Defense of Adversarial Ranking Attack in Text Retrieval: Benchmark and
Baseline via Detection
- URL: http://arxiv.org/abs/2307.16816v1
- Date: Mon, 31 Jul 2023 16:31:24 GMT
- Title: Defense of Adversarial Ranking Attack in Text Retrieval: Benchmark and
Baseline via Detection
- Authors: Xuanang Chen, Ben He, Le Sun, Yingfei Sun
- Abstract summary: This paper introduces two types of detection tasks for adversarial documents.
A benchmark dataset is established to facilitate the investigation of adversarial ranking defense.
A comprehensive investigation of the performance of several detection baselines is conducted.
- Score: 12.244543468021938
- License: http://arxiv.org/licenses/nonexclusive-distrib/1.0/
- Abstract: Neural ranking models (NRMs) have undergone significant development and have
become integral components of information retrieval (IR) systems.

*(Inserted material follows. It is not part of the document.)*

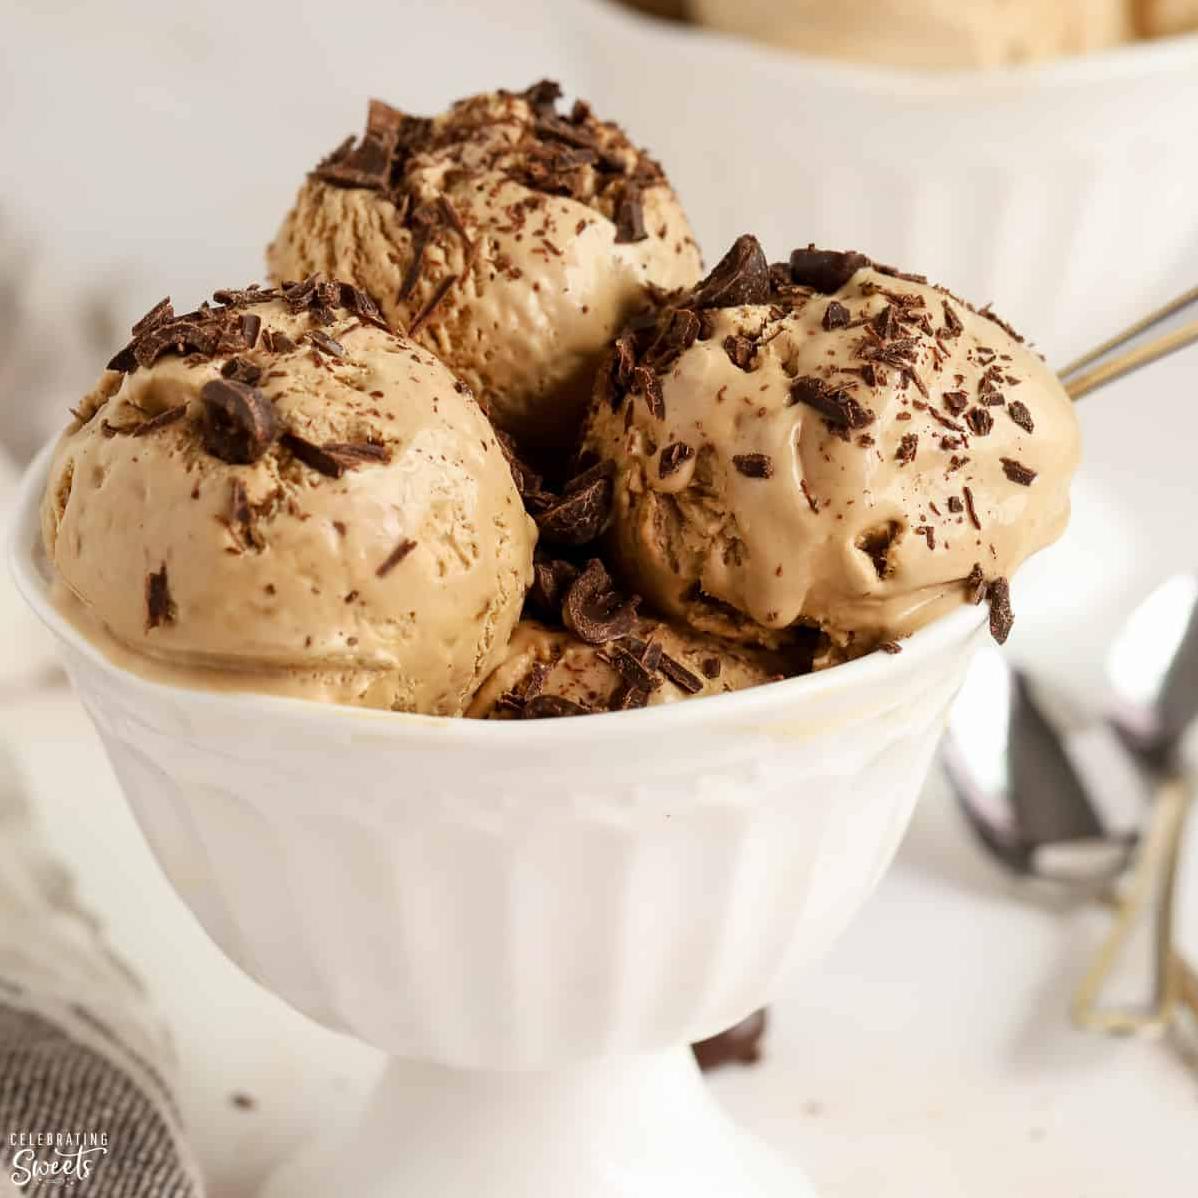  Because coffee is always a good idea - even in ice cream form!

Unfortunately, recent research has unveiled the vulnerability of NRMs to
adversarial document manipulations, potentially exploited by malicious search
engine optimization practitioners. While progress in adversarial attack
strategies aids in identifying the potential weaknesses of NRMs before their
deployment, the defensive measures against such attacks, like the detection of
adversarial documents, remain inadequately explored. To mitigate this gap, this
paper establishes a benchmark dataset to facilitate the investigation of
adversarial ranking defense and introduces two types of detection tasks for
adversarial documents. A comprehensive investigation of the performance of
several detection baselines is conducted, which involve examining the
spamicity, perplexity, and linguistic acceptability, and utilizing supervised
classifiers. Experimental results demonstrate that a supervised classifier can
effectively mitigate known attacks, but it performs poorly against unseen
attacks. Furthermore, such classifier should avoid using query text to prevent
learning the classification on relevance, as it might lead to the inadvertent
discarding of relevant documents.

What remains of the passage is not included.